S16 = 180 x 1.12^9 (1.12^16-1)/0.12 = 21340.47847...

 

[veloc1ty]

Yeah you messed up the very first payment. Don't you hate that?

 

[Iruka]

I can see your mistake - you should have seventeen terms to sum, not sixteen, because the mother made the first deposit on the 0th birthday, not the first birthday. In this case, the sum is 8799.061333, not 7695.590476 (according to my computer).

 

[lyounamu]

I can see your mistake - you should have seventeen terms to sum, not sixteen, because the mother made the first deposit on the 0th birthday, not the first birthday. In this case, the sum is 8799.061333, not 7695.590476 (according to my computer).

I thought 1st birthday = birth

 

[veloc1ty]

Assume "16th birthday" to be the day she is 16, not the 16th one including the actual birth day.

 

[lyounamu]

Assume "16th birthday" to be the day she is 16, not the 16th one including the actual birth day.

Yeah, my mistake.

 

[lyounamu]

http://www.boredofstudies.org/courses/maths/2u/2001_Maths2_T_Manly_q.pdf

Please look at Q 5(a).

For that question, do we just find the approximate area for both and subtract each other?
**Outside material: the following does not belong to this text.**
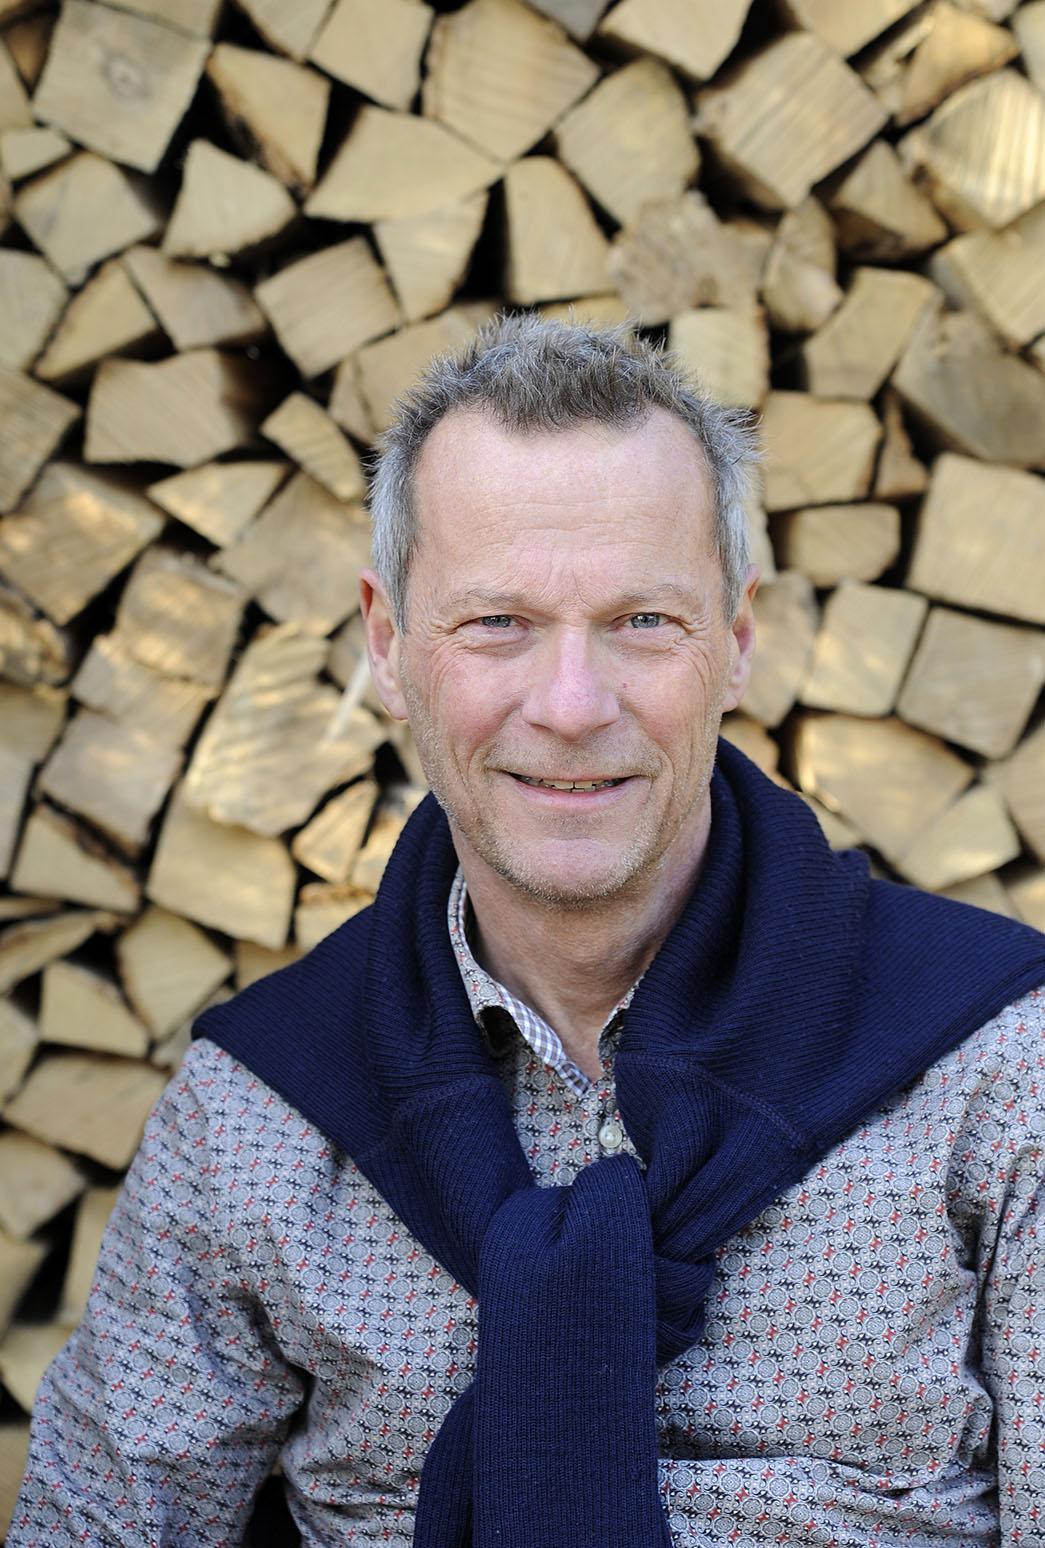 Morten Hartkorn Giraldi
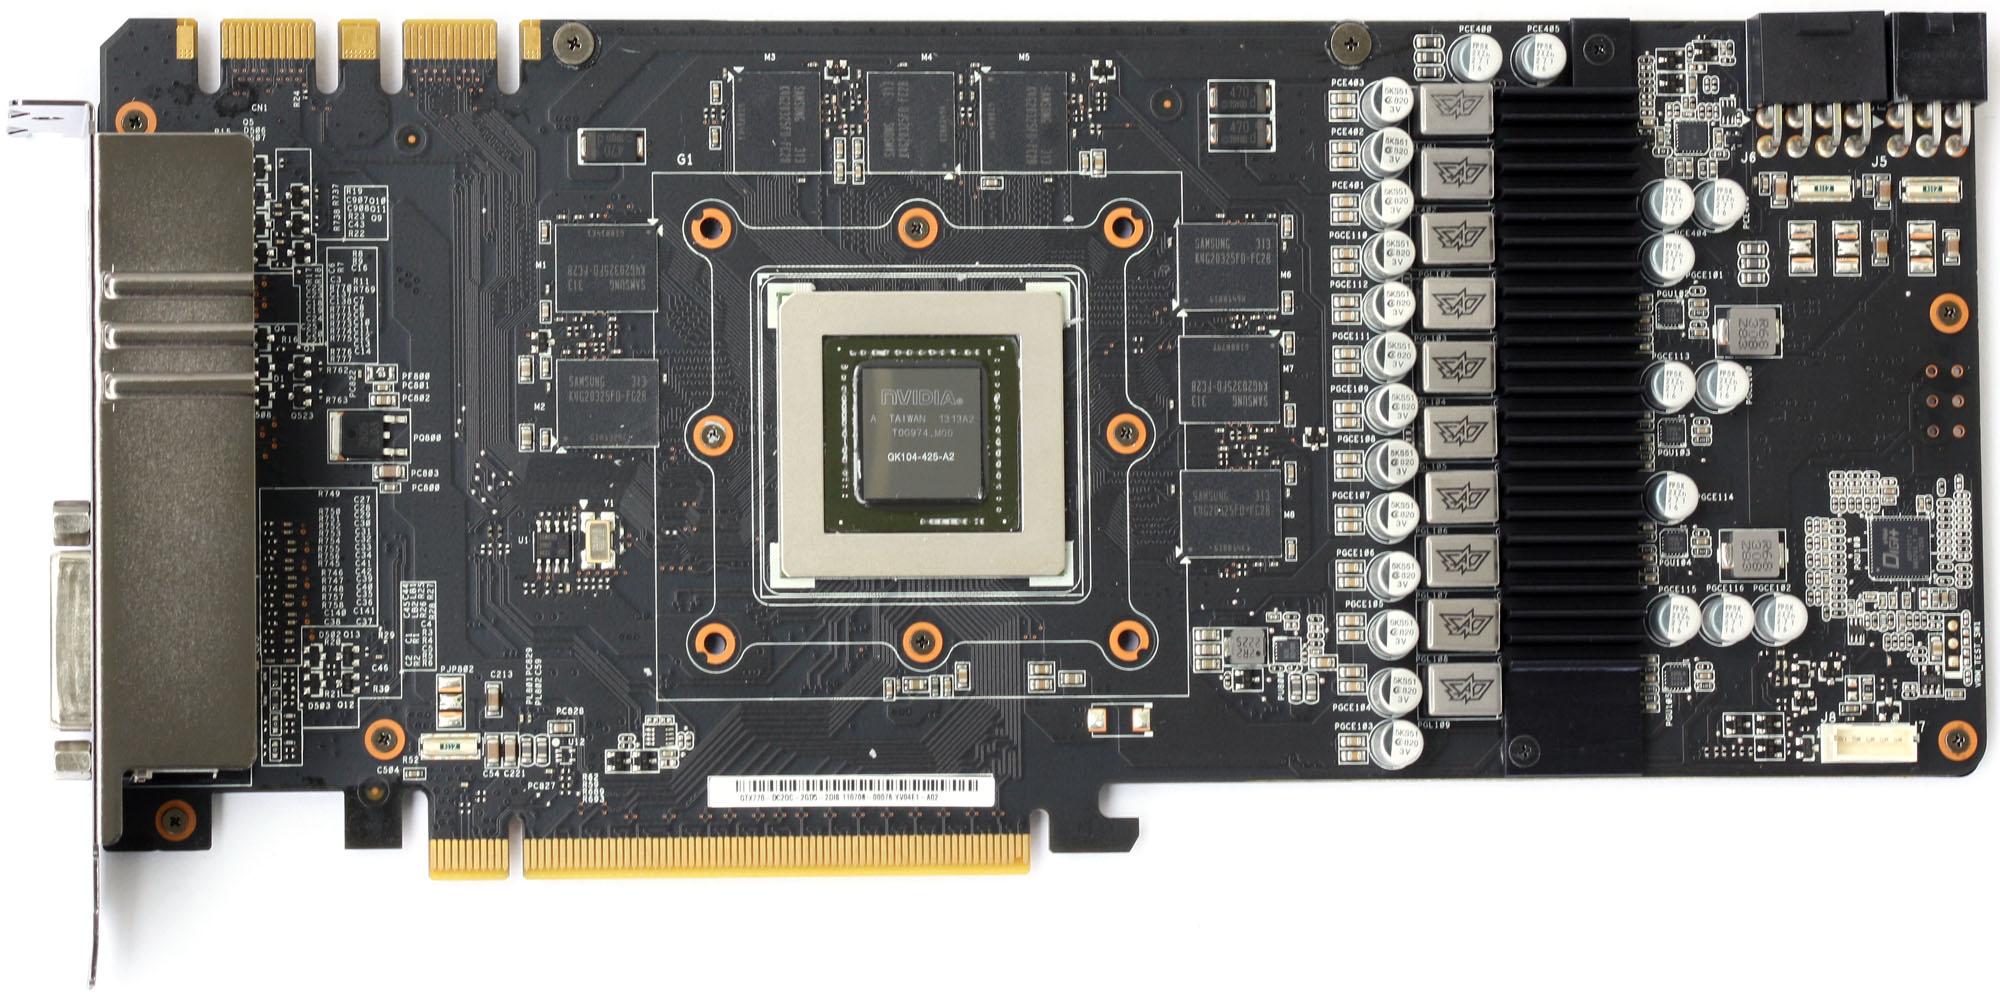 Srovnání GeForce GTX 770 — Asus vs. Gigabyte vs. MSI

And please quickly do Q4(c). It only takes 5 minutes to complete. See if your answer is 579 for the approximate area. Thanks~

 

[lyounamu]

Is there anyone to look at the questions I queried?

 

[lyounamu]

yep




i get 508. just divide the area into 4 seperate trapeziums and calculate the area of each.

A ~ 10(d1 + d2)/2 + 10(d2 + d3)/2 + 10(d5 + d4)/2 + 10(d5 + d6)/2

I see what you did, thanks. I actually solved in 2 ways:

one way as in the strip
and in the other way that you implemented and I got different answers so I wasn't sure. Thanks for confirming that!!!